WHAT IS BEING ASKED - Reproduce precisely the lines of the listing below, starting with the line that contains "Contrast Hooded Wool" and stopping after the line that contains "Hd wallpaper download"; include nothing else.

RAW DATA -
- - -

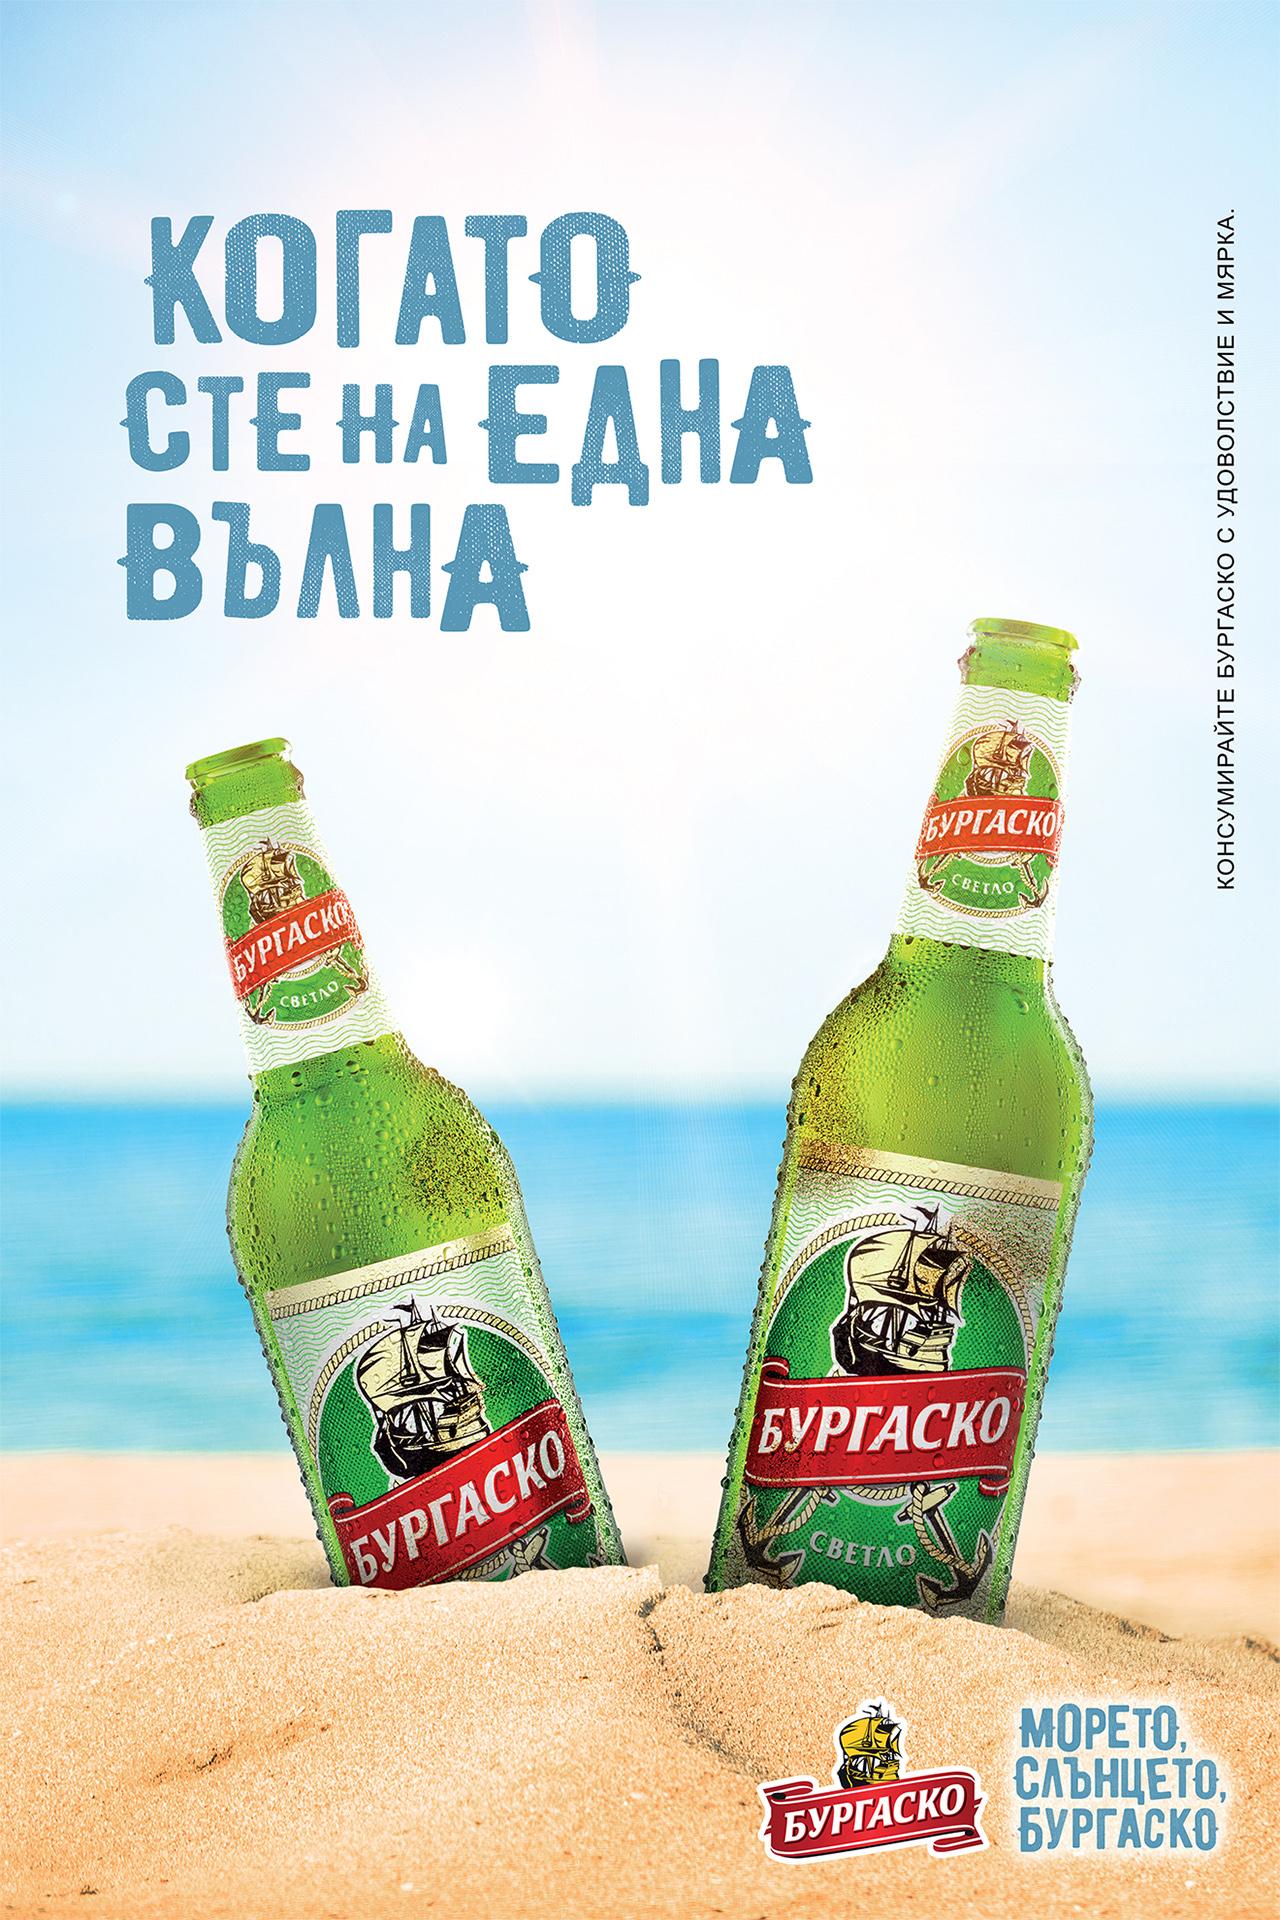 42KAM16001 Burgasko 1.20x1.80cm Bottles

- - -

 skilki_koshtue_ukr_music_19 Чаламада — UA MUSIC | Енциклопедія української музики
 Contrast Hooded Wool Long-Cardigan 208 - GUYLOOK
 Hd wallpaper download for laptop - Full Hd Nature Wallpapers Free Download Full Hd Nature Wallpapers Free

- - -

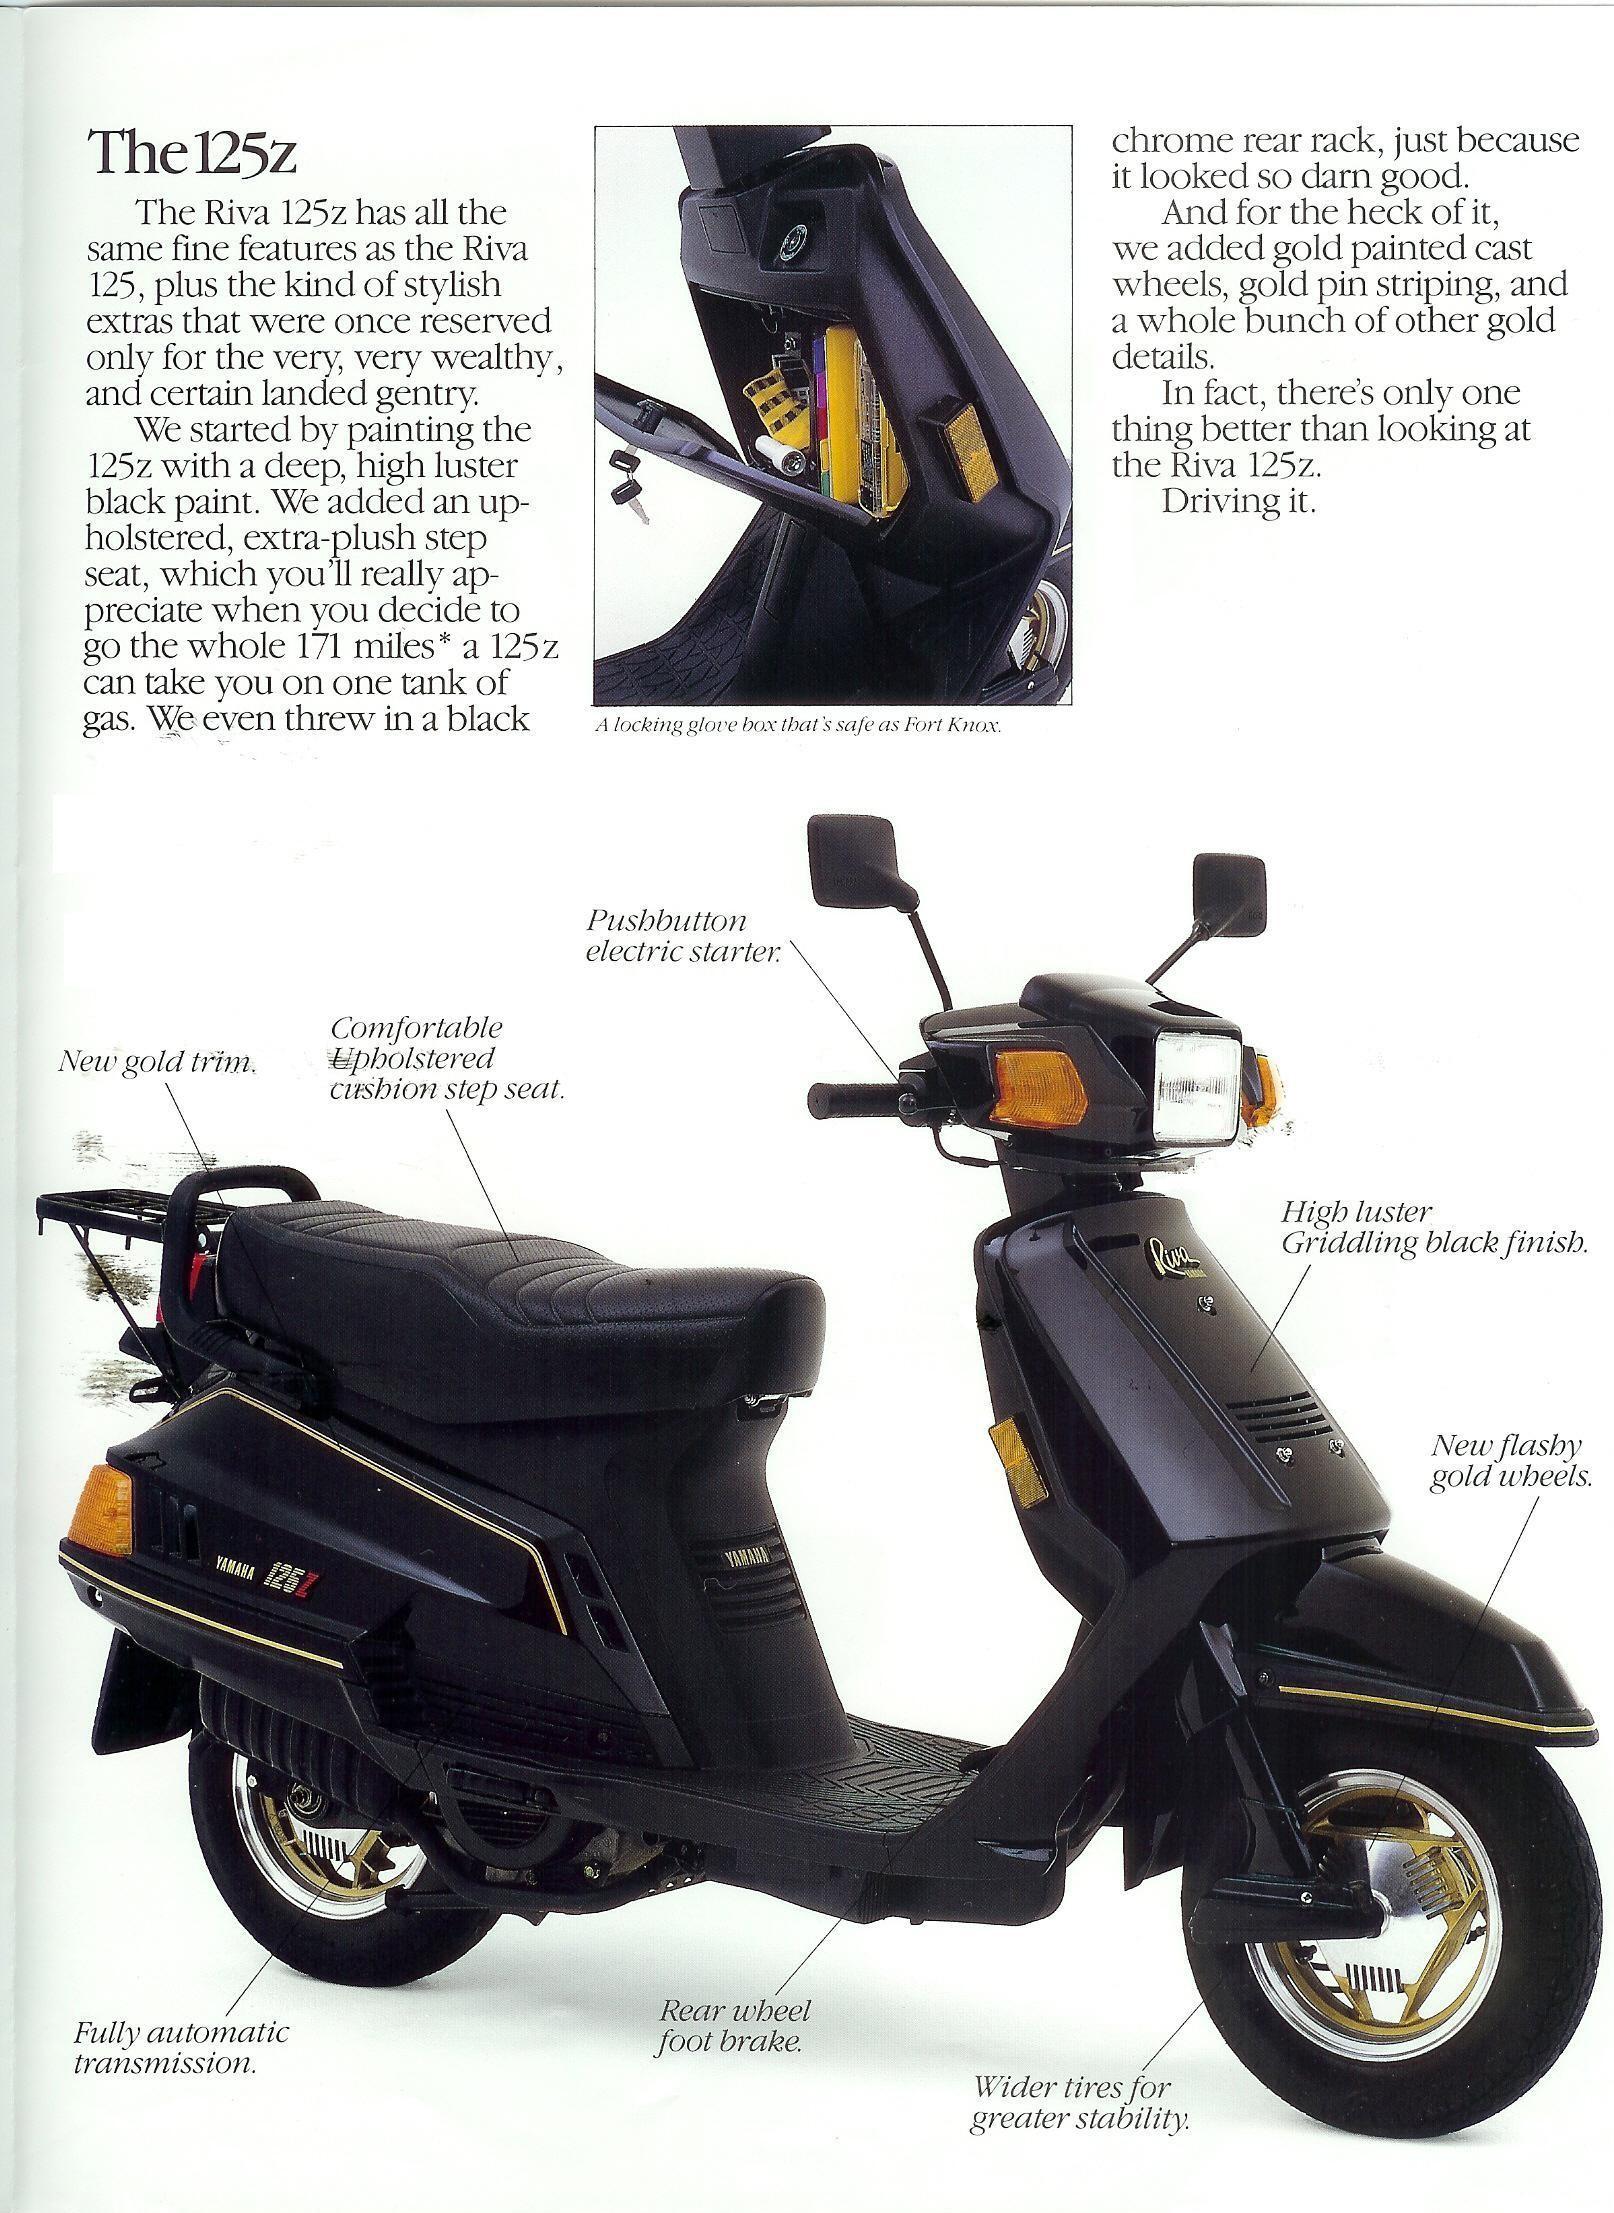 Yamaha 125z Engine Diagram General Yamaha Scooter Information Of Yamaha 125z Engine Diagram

- - -

EXERCISE RESPONSE -
 Contrast Hooded Wool Long-Cardigan 208 - GUYLOOK
 Hd wallpaper download for laptop - Full Hd Nature Wallpapers Free Download Full Hd Nature Wallpapers Free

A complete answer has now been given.